Wakil Wali Kota Makassar Aliyah Mustika Ilham melaksanakan salat tarawih berjamaah bersama masyarakat dalam rangkaian Safari Ramadan Pemerintah Kota Makassar di Masjid Amirul Mukminin, Jalan Penghibur, Kecamatan Ujung Pandang, Kamis (12/3/2026).
Masjid yang dikenal sebagai Masjid Terapung Makassar tersebut dipadati jamaah yang menyambut kehadiran Aliyah dalam kegiatan keagamaan yang menjadi agenda tahunan pemerintah kota selama bulan suci.
Aliyah Mustika Ilham mengatakan Safari Ramadan tidak hanya menjadi agenda ibadah bersama, tetapi juga sarana mempererat hubungan antara pemerintah dan masyarakat.
“Safari Ramadan ini menjadi momentum bagi kami untuk lebih dekat dengan masyarakat. Pemerintah Kota Makassar ingin memastikan bahwa nilai kebersamaan, kepedulian sosial, dan semangat berbagi terus tumbuh di tengah masyarakat,” ujar Aliyah.
Menurutnya, Ramadan merupakan waktu yang tepat bagi masyarakat untuk memperkuat solidaritas sosial sekaligus meningkatkan kepedulian terhadap sesama.
“Ramadan adalah bulan penuh berkah yang mengajarkan kita untuk saling peduli dan berbagi. Kami berharap semangat ini terus terjaga sehingga masyarakat Makassar semakin solid dan harmonis,” katanya.
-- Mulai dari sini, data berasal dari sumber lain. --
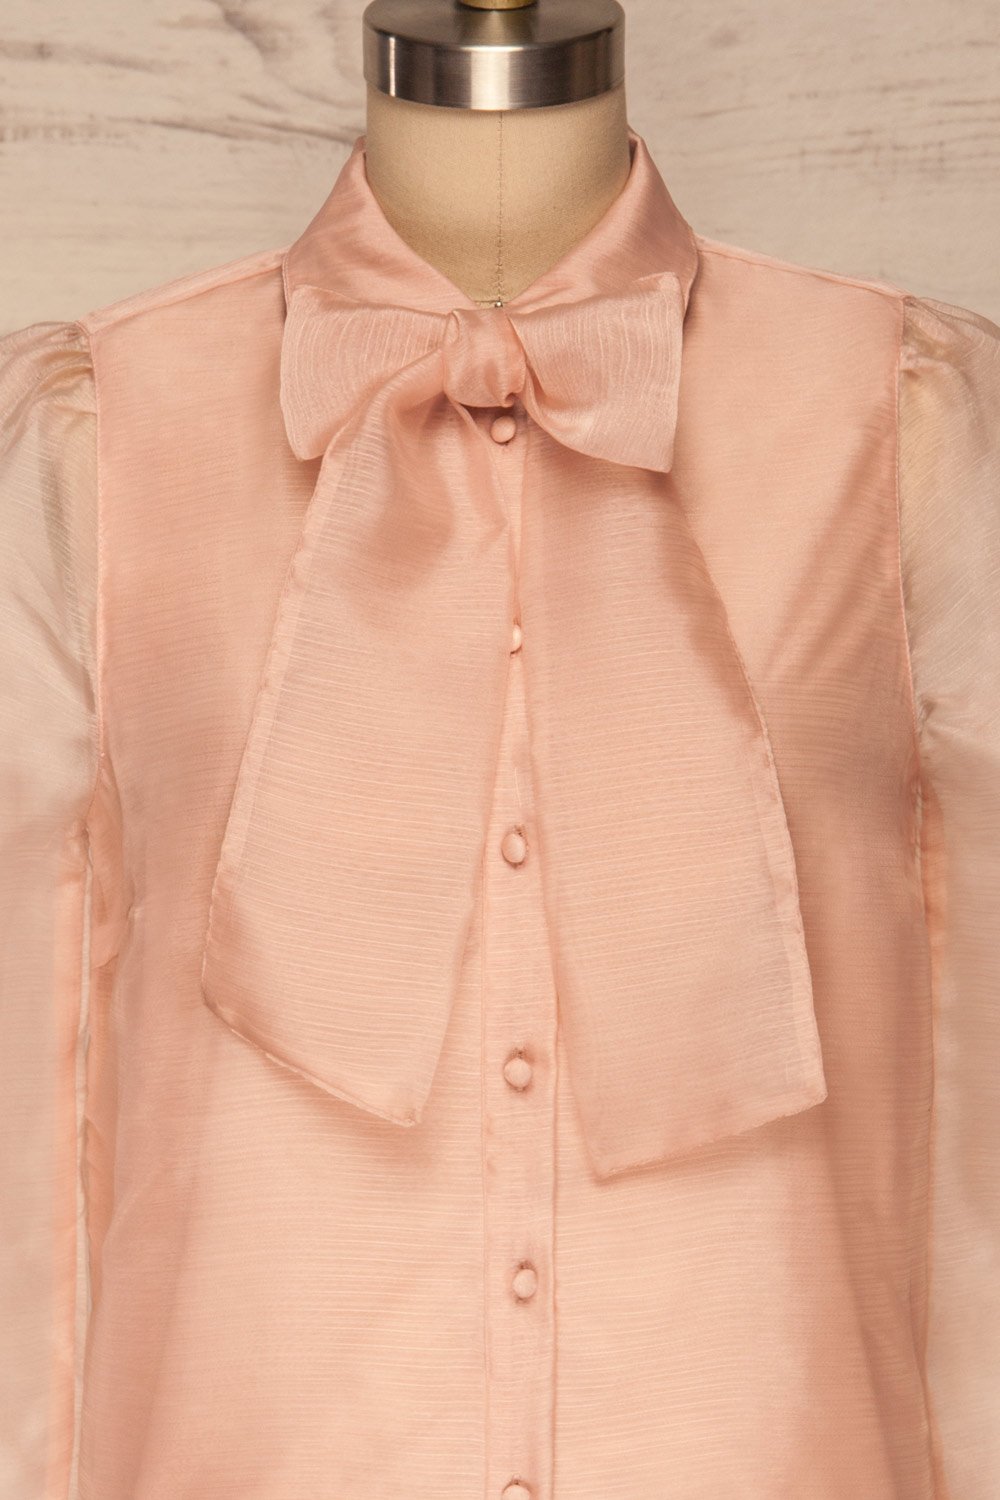 Xandra Rose Pink Tulle Shirt w/ Bow front close up bow | La petite garçonne

Dalam kesempatan tersebut, Aliyah juga menyerahkan paket Ramadan Mulia kepada pengurus Masjid Amirul Mukminin sebagai bentuk dukungan pemerintah kota terhadap kegiatan keagamaan serta peran masjid sebagai pusat aktivitas umat.
Kegiatan Safari Ramadan ini turut dihadiri sejumlah pejabat Pemerintah Kota Makassar, di antaranya Kepala BKPSDMD Kamelia Thamrin Tantu, Kepala Dinas Pendidikan Achi Soleman, Kepala Dinas Pemberdayaan Perempuan dan Perlindungan Anak Ita Isdiana Anwar, Kepala Dinas Pertanahan Sri Sulsilawati, serta Camat Ujung Pandang Nanin Sugiar bersama unsur tripilar kecamatan.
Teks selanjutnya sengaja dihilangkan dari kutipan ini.